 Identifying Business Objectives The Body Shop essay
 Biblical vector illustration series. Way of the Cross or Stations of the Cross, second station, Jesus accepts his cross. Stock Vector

****************************************

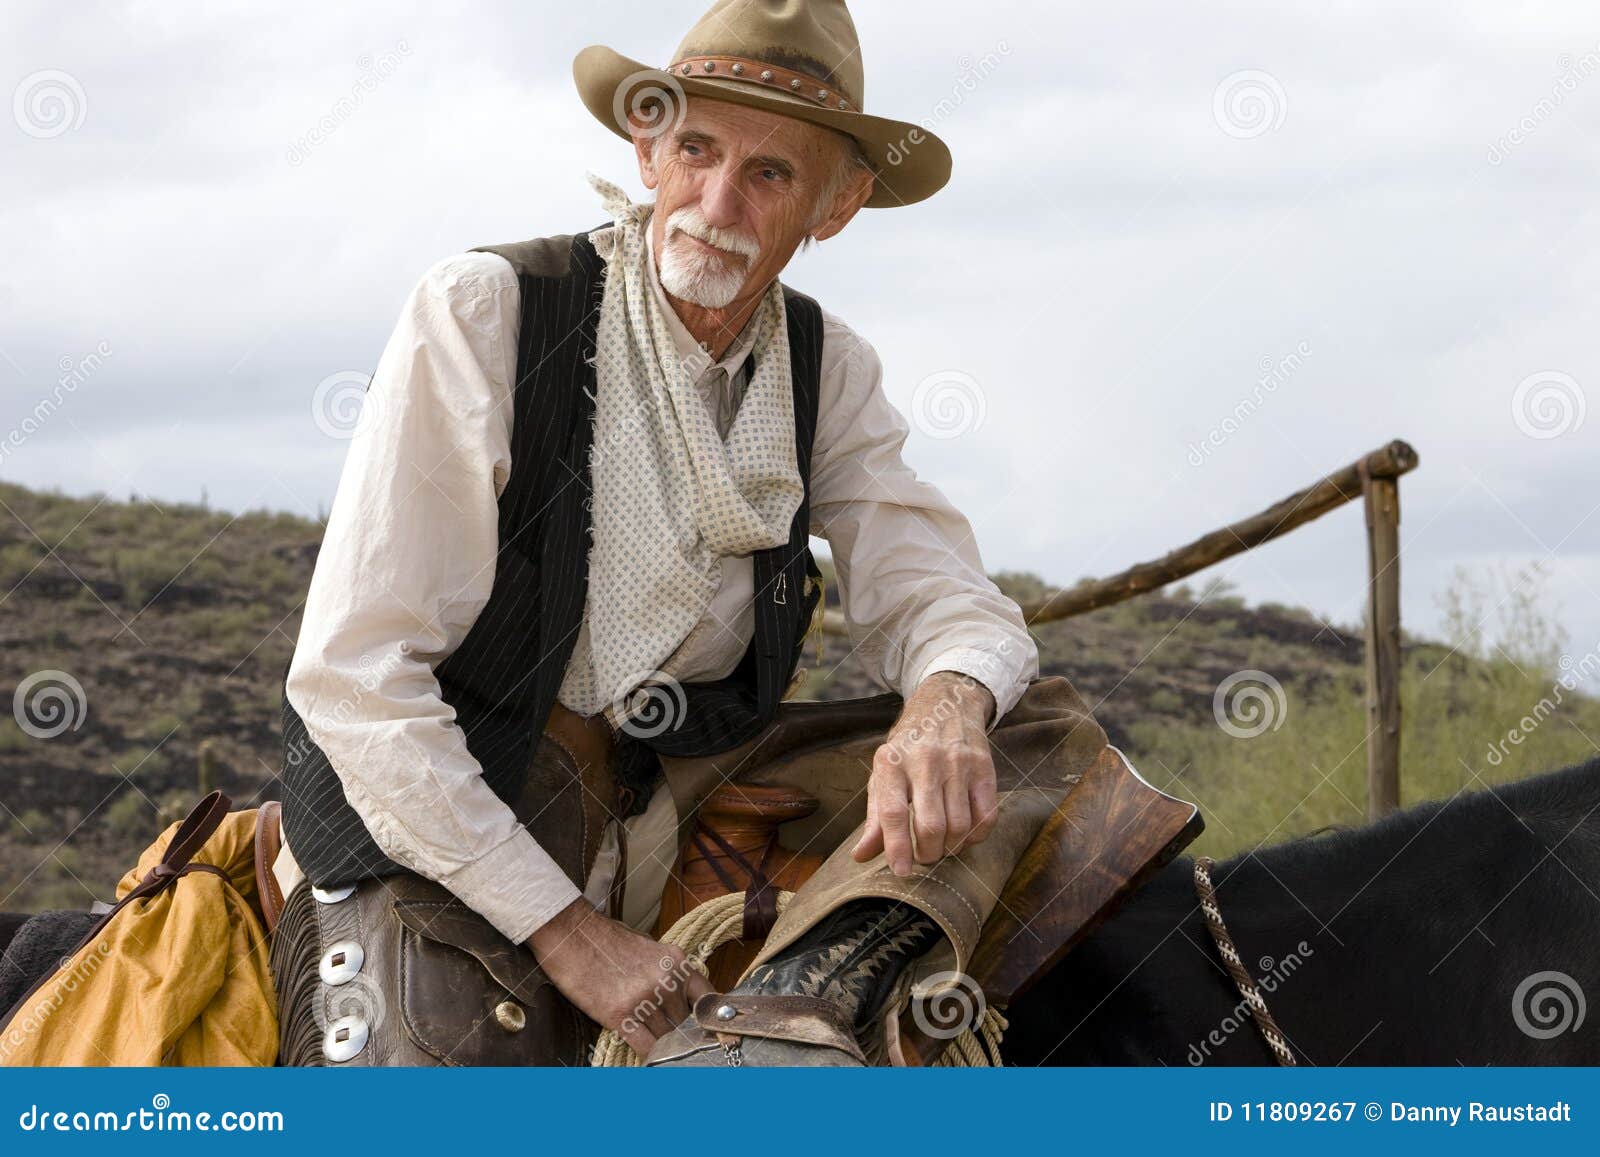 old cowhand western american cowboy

****************************************

EXERCISE BRIEF: The reply should hold only the lines of the listing above starting at the line containing "Identifying Business Objectives" and ending at the line containing "Biblical vector illustration", exactly as written.

SOLUTION:
 Identifying Business Objectives The Body Shop essay
 Biblical vector illustration series. Way of the Cross or Stations of the Cross, second station, Jesus accepts his cross. Stock Vector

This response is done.